Limitations & Future Work

  1. Evaluation pipeline correlation does not reach 0.9: Although exceeding 0.7 and statistically significant, there remains room for improvement, particularly in scenarios requiring fine-grained style distinctions.
  2. Reliance on multiple external models: The evaluation pipeline depends on Whisper-v3, AudioReasoner, and ChatGPT; biases inherent in these models propagate into evaluation results.
  3. Fidelity of TTS synthetic data: The instability of gpt-4o-mini-tts necessitates generating 10 candidates with manual selection; the naturalness of synthesized speech still lags behind real recordings.
  4. Validation on a single base model: Although the framework claims general applicability to any LM-based S2S model, experiments are conducted on only one base model.
  5. Computational cost: Stage 2 requires generating 320k speech responses and scoring them through the evaluation pipeline, incurring non-trivial computational and API costs.
  6. Directions for extension: Supporting more paralinguistic dimensions (e.g., accent, speech rate, pausing), style consistency across multi-turn dialogue, and multi-speaker scenarios.
  • DeepSeek-R1: The seminal work showing that RL can elicit reasoning without SFT; ParaS2S transplants this idea into the speech domain.
  • StyleTalk / ParalinGPT: Early works on paralinguistic-aware dialogue, but limited to speech-to-text and entirely reliant on SFT.
  • GOAT-SLM: The only S2S model emphasizing paralinguistics, using a multi-stage SFT pipeline.

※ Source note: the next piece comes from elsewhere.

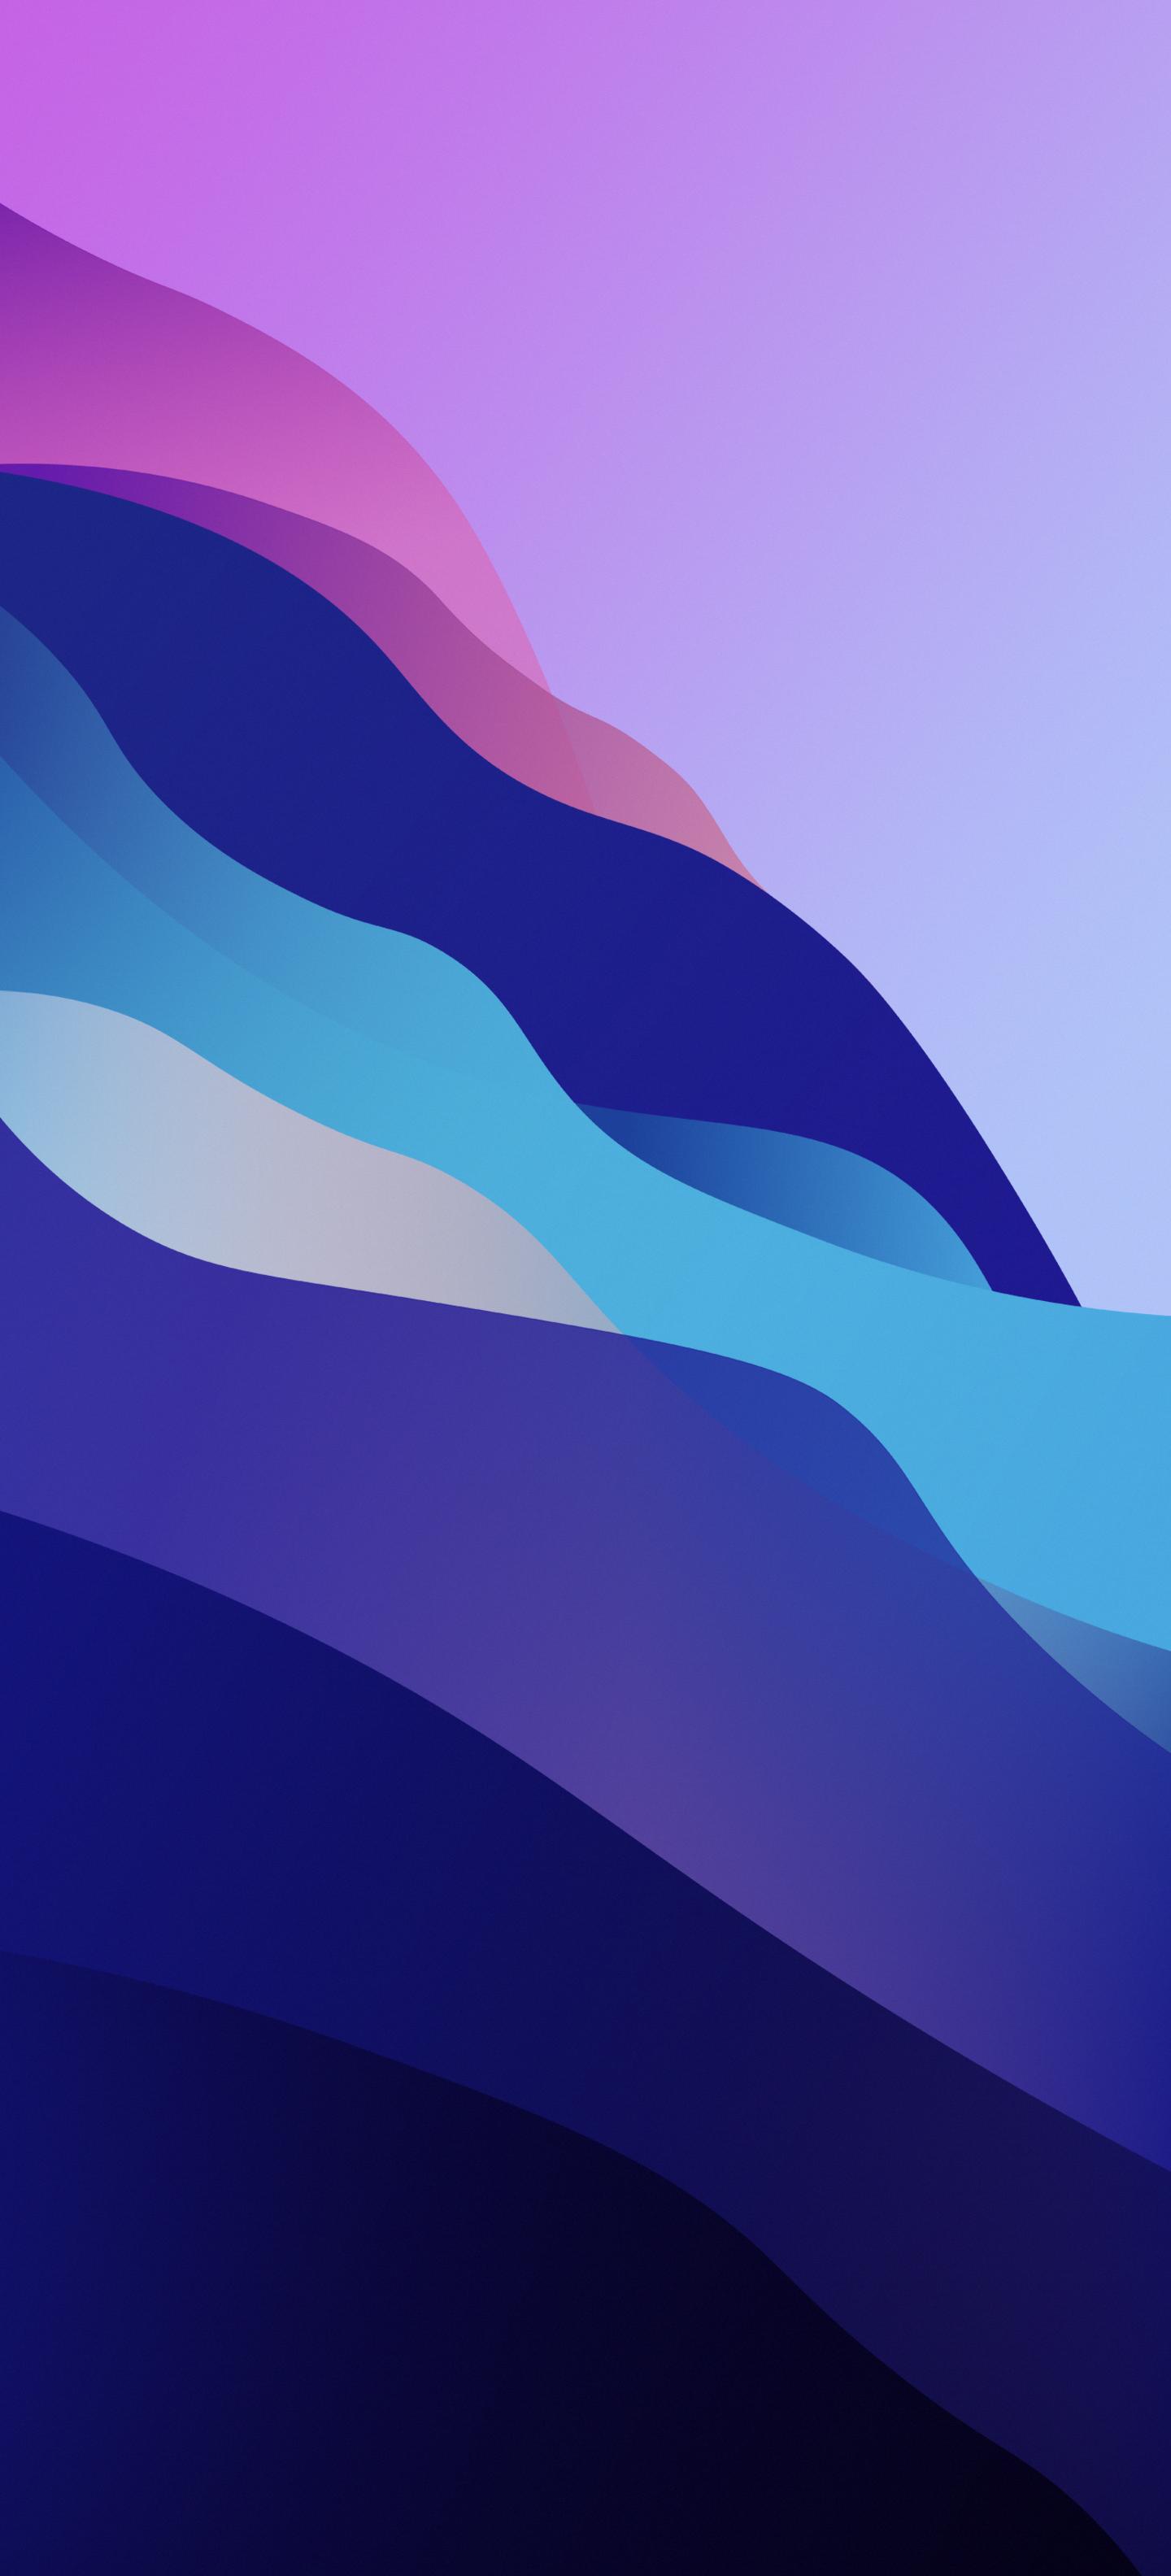 Sforum - Trang thông tin công nghệ mới nhất Waves-wallpaper-Arthur1992aS-iDownloadBlog-V4 Mời bạn tải về bộ hình nền iPhone theo chủ đề của macOS Monterey

ParaS2S replaces the heavy annotation requirement with RL.
  • Align-SLM: Uses DPO to align speech models, but focuses on long-range semantics rather than paralinguistics.
  • Insight: The power of RL in modality extension is underestimated — even "soft skills" such as emotional awareness can be efficiently acquired through RL.

Rating

  • Novelty: ⭐⭐⭐⭐⭐ — First application of an RL framework to paralinguistic-aware S2S; both problem formulation and solution are original.
  • Experimental Thoroughness: ⭐⭐⭐⭐⭐ — Exceptionally comprehensive: benchmark validation, model comparison, ablation, data efficiency, generalization, and human evaluation.
  • Writing Quality: ⭐⭐⭐⭐ — Well-structured with detailed experiments, though some sections are redundant.
  • Value: ⭐⭐⭐⭐⭐ — Fills an important gap in the S2S field; both the benchmark and the method offer long-term value.